[Dataset extract — start]

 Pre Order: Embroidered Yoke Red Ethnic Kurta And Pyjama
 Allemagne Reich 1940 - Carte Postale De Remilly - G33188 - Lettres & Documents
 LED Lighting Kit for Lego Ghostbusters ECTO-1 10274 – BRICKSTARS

[Dataset extract — finish]
[Dataset extract — start]

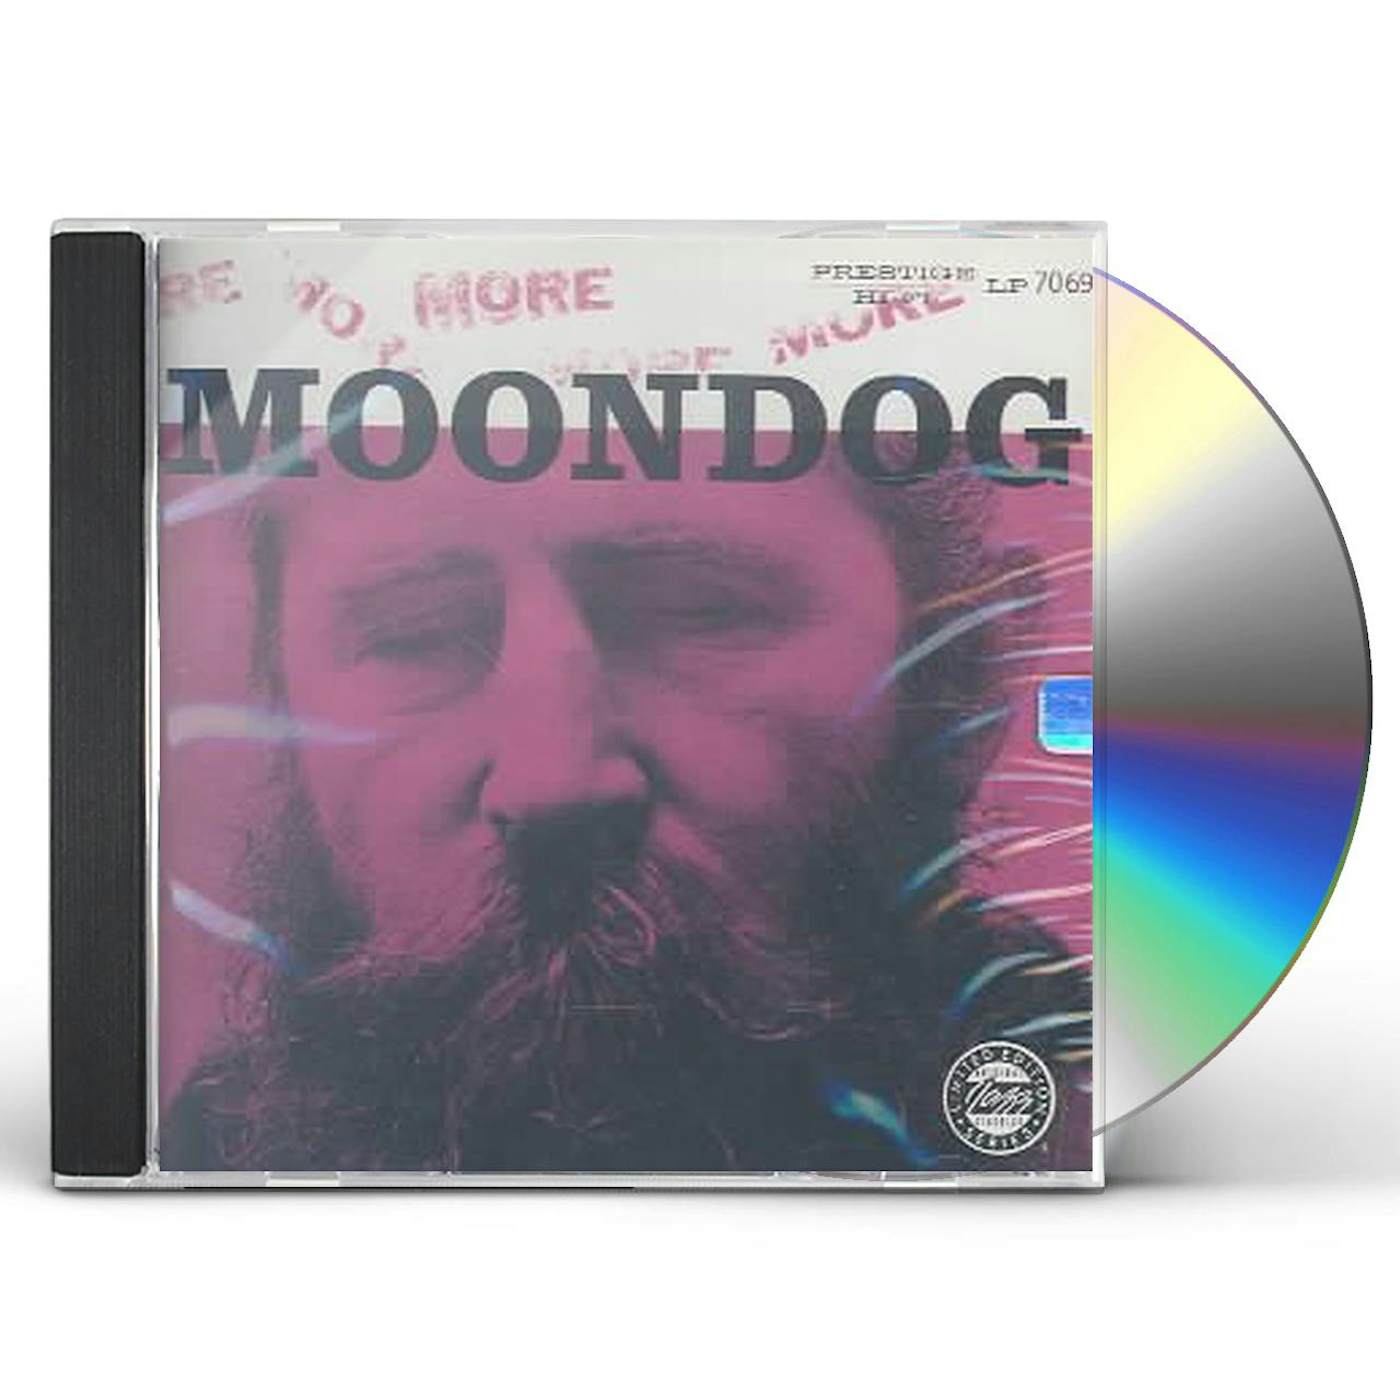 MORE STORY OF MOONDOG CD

[Dataset extract — finish]
[Dataset extract — start]

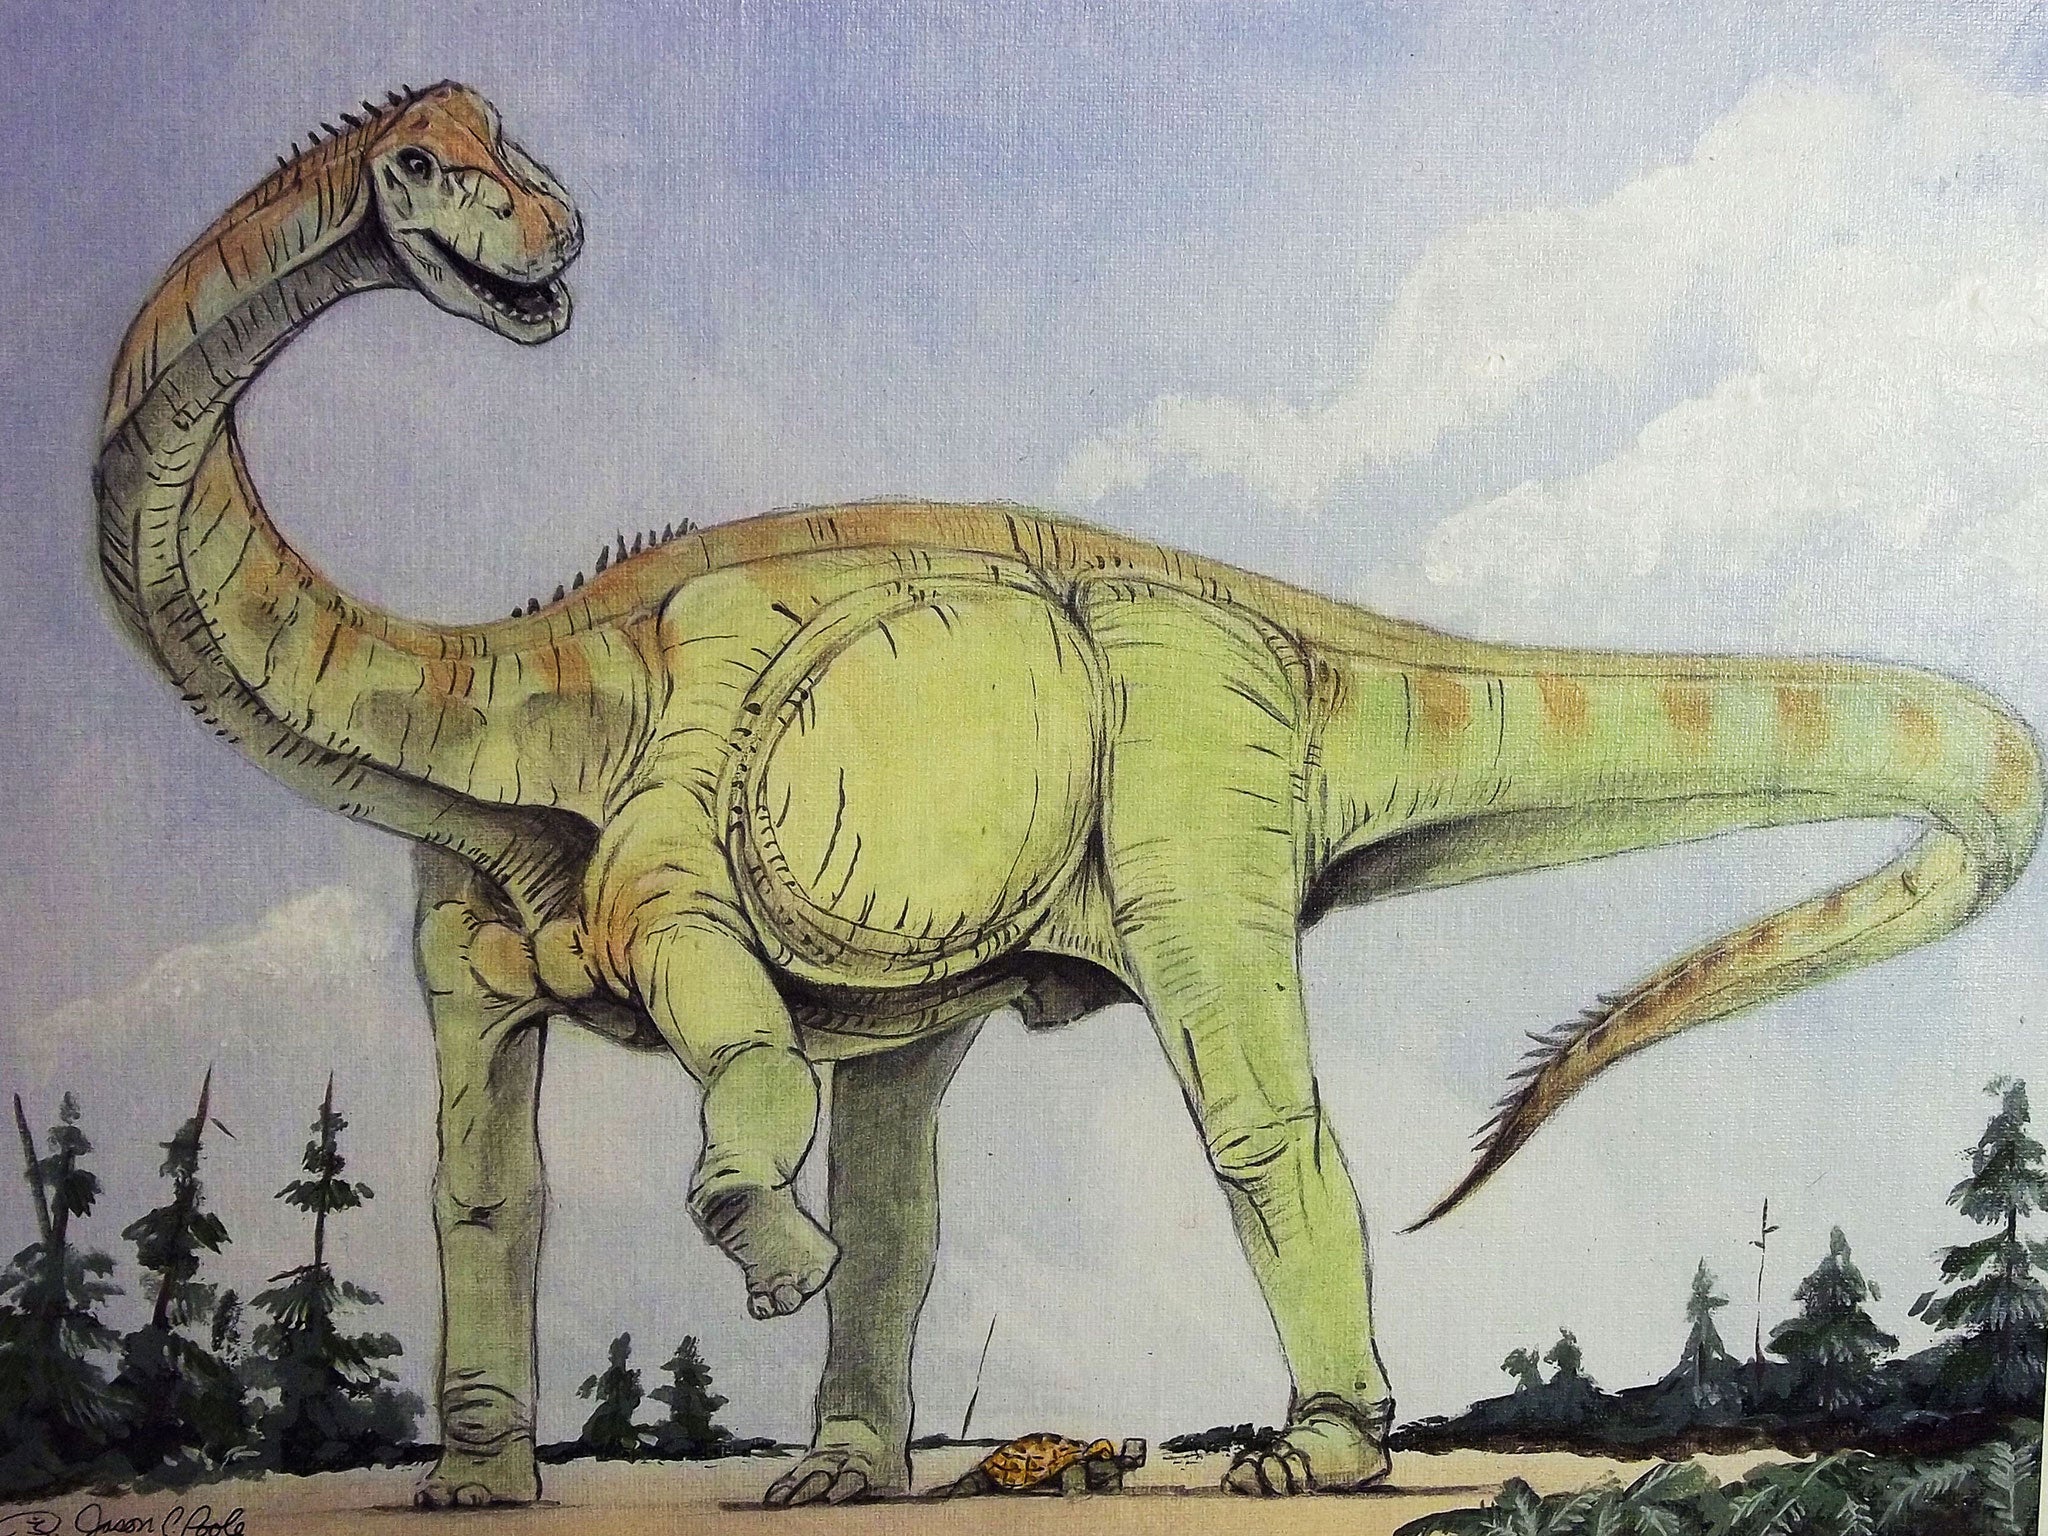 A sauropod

[Dataset extract — finish]

What this task involves:
Starting at the line that has "Allemagne Reich 1940" and ending at the line that has "LED Lighting Kit", please write out the lines above exactly, leaving out all others.

Exercise response:
 Allemagne Reich 1940 - Carte Postale De Remilly - G33188 - Lettres & Documents
 LED Lighting Kit for Lego Ghostbusters ECTO-1 10274 – BRICKSTARS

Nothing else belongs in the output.